The Fujiwhara effect – The Core IAS

The Fujiwhara effect

The Fujiwhara effect: When cyclones ‘dance’

Context:

  • The United States west coast recently witnessed Hurricane Hilary (a sub-tropical storm by the time it hit the US), prompting the National Hurricane Centre (NHC) to issue its first ever tropical storm watch for parts of Southern California.
  • Earlier this year, California witnessed an unusually wet winter, with at least twelve ‘atmospheric river’ storms battering the state. ‘Atmospheric rivers’ are vast airborne currents carrying dense moisture and hanging low in the atmosphere.
  • In one of these storms, two small areas of low pressure were drawn together in a ‘dance’: instead of merging together, the stronger low pressure area became the dominant one in the system – displaying, for a brief moment, what is known as the ‘Fujiwhara effect’.

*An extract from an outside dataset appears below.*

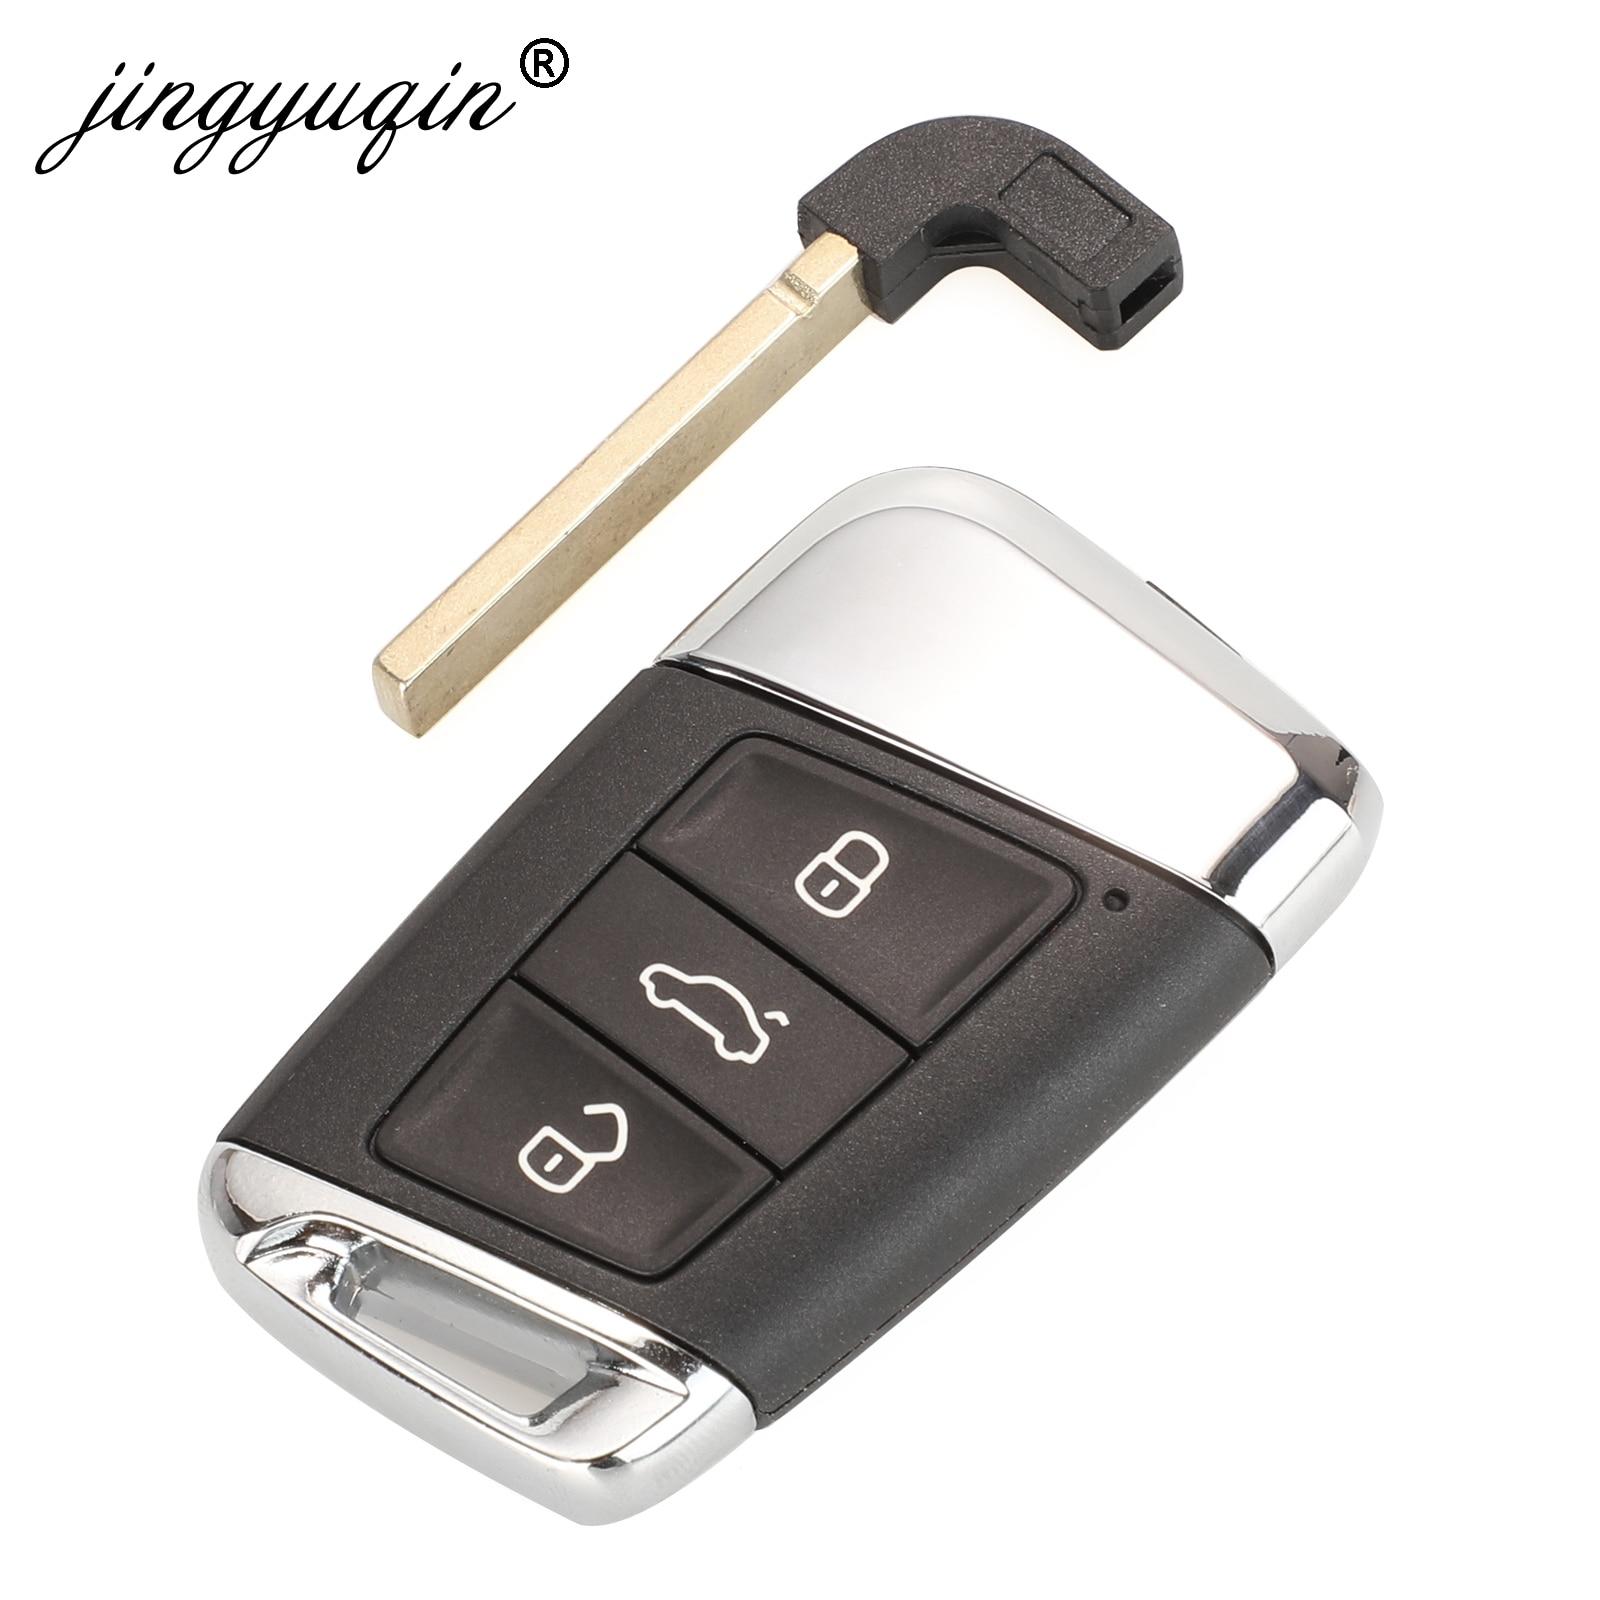 Jingyuqin 10 Uds 3 botón inteligente de la llave del coche caso de Shell para VW Passat B8 nuevo Magotan B5 Skoda Superb A7 variante Golf + Insertar hoja

What is the Fujiwhara effect?

  • As per the National Weather Service (NWS), when two hurricanes (or cyclones, depending on where you live), spinning in the same direction, are brought close together, they begin ‘an intense dance around their common center’ – this interaction between two cyclones is called the Fujiwhara effect.
  • If one hurricane’s intensity overpowers the other, then the smaller one will orbit it and eventually crash into its vortex to be absorbed. On the other hand, if two storms of similar strengths pass by each other, they may gravitate towards each other until they reach a common center and merge, or merely spin each other around for a while before shooting off on their own paths.
  • In rare instances, the two ‘dancing’ cyclones, if they are intense enough, may merge with one another, leading to the formation of a mega cyclone capable of wreaking havoc along coastlines.

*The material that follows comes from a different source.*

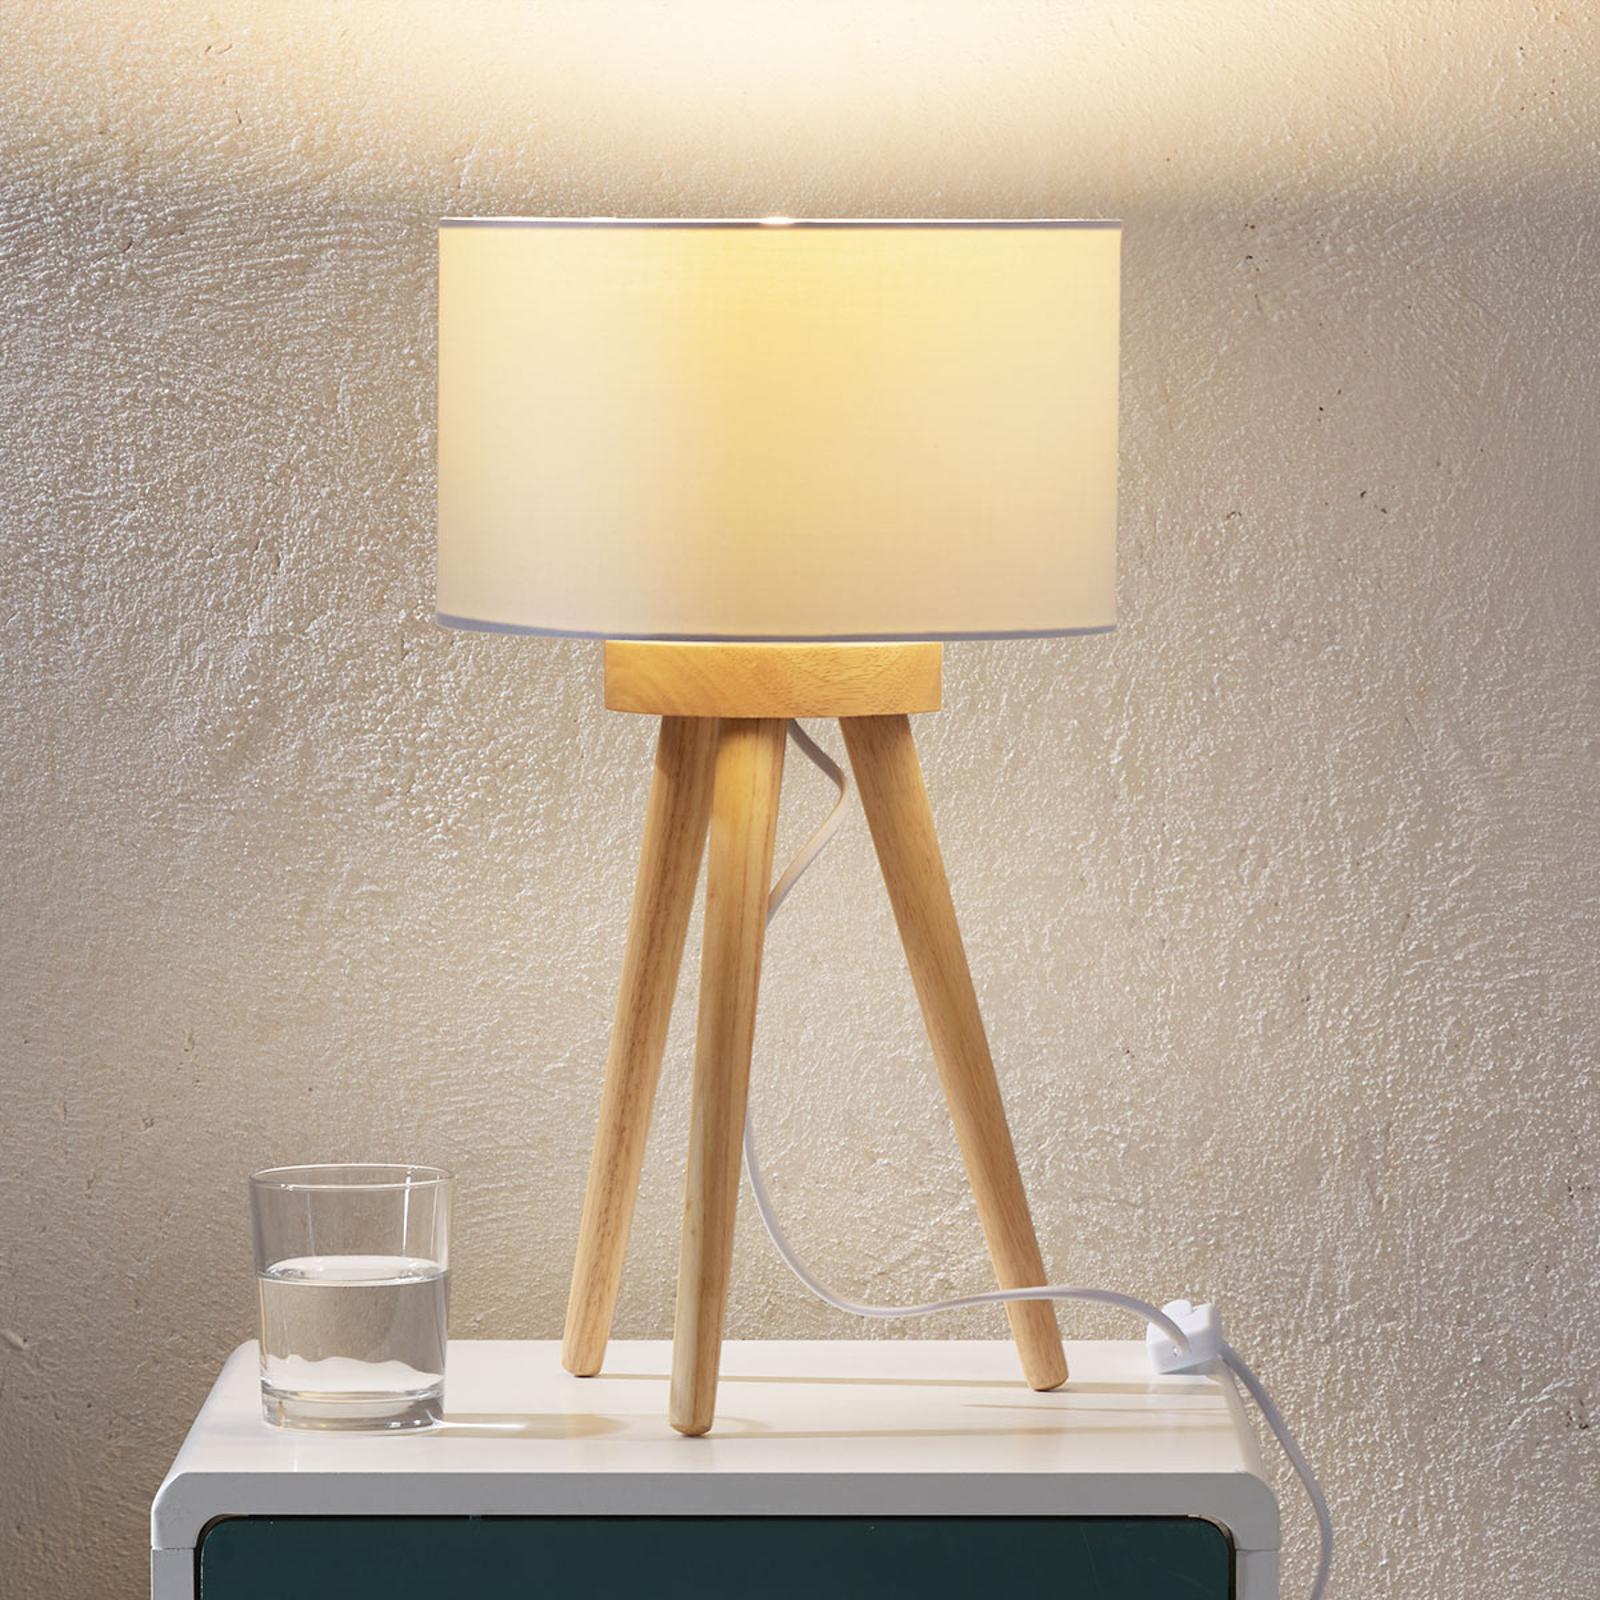 Charlia træbordlampe med hvid stofskærm

The ‘dance’ and its damage

  • In 2023, powerful winds tormented the Bay Area and other parts of Central and Southern California, uprooting trees, shattering window glass, and disrupting the power supply.
  • The Fujiwhara effect was contributing to peak gusts upward of 60 to 75 mph in the Santa Cruz Mountains, with 50- to 60-mph winds across Santa Cruz and Santa Clara counties.
  • The Bay Area storm came months after typhoon Hinnamnor, the strongest tropical cyclone of 2022, underwent the same effect with tropical storm Gardo in the eastern Pacific ocean. The two cyclones were locked in a dance for over a day, before Gardo was assimilated in Hinnamnor.
  • In 2017, the effect resulted in two cyclones – Hilary and Irwin – to merge together, again, over the eastern Pacific Ocean.
  • The influx of additional heat, moisture, and positive vorticity during the effect might even intensify the primary circulation of a system.
  • Additionally, the occurrence of the Fujiwhara effect also makes cyclonic systems harder to predict, as every interaction between two storm systems is unique and difficult to assess within the present climate models.

How is this related to today’s climate?

  • Experts have noted the rising frequency of this unusual effect, attributing it to a rapidly warming world and the subsequent heating of ocean waters.
  • In between 2013 and 2017, there were 10 cases of the Fujiwhara Effect in the northwest Pacific Ocean. 
  • Contending that a warming climate is giving rise to stronger cyclones, and thus, increasing the possibility of the Fujiwhara effect, scientists noted that “there has been a 35 per cent increase in the strength of typhoons that have hit Taiwan between 1977 and 2016. This happened due to a 0.4 to 0.7°C rise in the sea surface temperature during these 40 years in the northwest Pacific.